# New Copperhead Road



## wvdawg (May 2, 2021)

My son and I walked up on these guys on a logging trail Friday while hunting.


----------



## Ruger#3 (May 2, 2021)

Dang, look how well they blend into the leaf litter.
Glad yall spotted them.


----------



## Redbow (May 2, 2021)

Yep, and I think they might be making little Copperheads. A novice in the woods most likely would have never seen those Snakes and stepped right on or very near them. It kinda takes a trained eye to the forest and fields to spot them and they know how to camouflage with the terrain.


----------



## Nicodemus (May 2, 2021)

Two pretty colored up snakes.


----------



## pjciii (May 2, 2021)

Looks to me they didn't want to be bothered. I think they was having a snake version of a good time.


----------



## Mexican Squealer (May 2, 2021)

Very cool to see those two color phases together.


----------



## wvdawg (May 2, 2021)

Nudged them with the end of my shotgun barrel a few times and they were very slow to move away!


----------



## Silver Britches (May 3, 2021)

Good pics. Glad you saw them before getting too close to them. I watched 2 rat snakes in my yard a few days ago, wrapping around one another. They paid me no mind.


----------



## TJay (May 4, 2021)

Yeah that would be a really bad day to get popped by two copperheads!


----------



## Thunder Head (May 4, 2021)

Man the tan patches on the lighter one. Match the color of some of those leaves perfectly.


----------



## longrangedog (May 4, 2021)

I dispatch all poisonous snakes that I see in a place that I frequent. I or a member of my family or a friend might not be lucky enough to see them in time on the next visit.


----------



## carver (May 4, 2021)

Great find Dennis,but did ya'll kill any turkeys


----------



## Ray357 (May 4, 2021)

longrangedog said:


> I dispatch all poisonous snakes that I see in a place that I frequent. I or a member of my family or a friend might not be lucky enough to see them in time on the next visit.

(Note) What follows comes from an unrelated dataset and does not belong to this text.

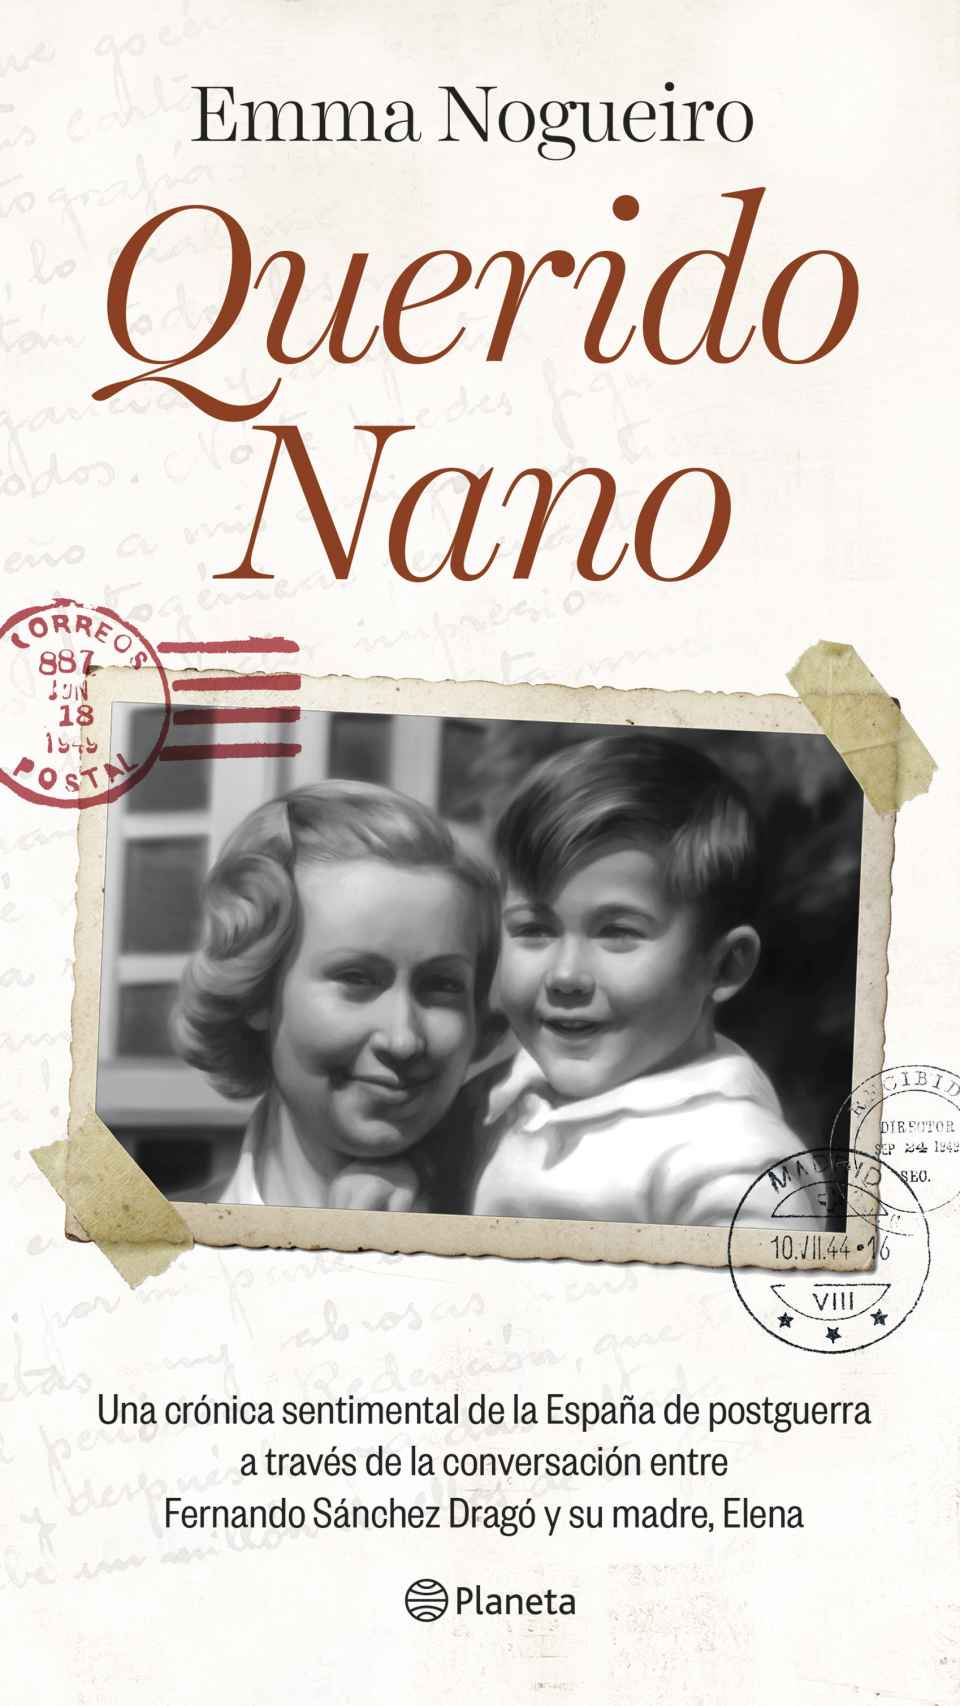 La portada del libro 'Querido Nano', que sale a la venta el 17 de abril.

Me too. Only good Venemous snake is a dead one.


----------



## wvdawg (May 4, 2021)

carver said:


> Great find Dennis,but did ya'll kill any turkeys



None recently - did get in tight - about 60 yards - on one Friday morning, but he flew down and went the other way to another one gobbling about 100 yards or more from us.  First gobble I had heard in weeks!


----------



## carver (May 5, 2021)

Not seeing the turkey's in the fields like I usually do up here


----------



## wvdawg (May 5, 2021)

Yes - it has been a quiet season for us!


----------



## Philnlucky (Jun 2, 2021)

wvdawg said:


> Yes - it has been a quiet season for us!


Here too. Strange year.......


----------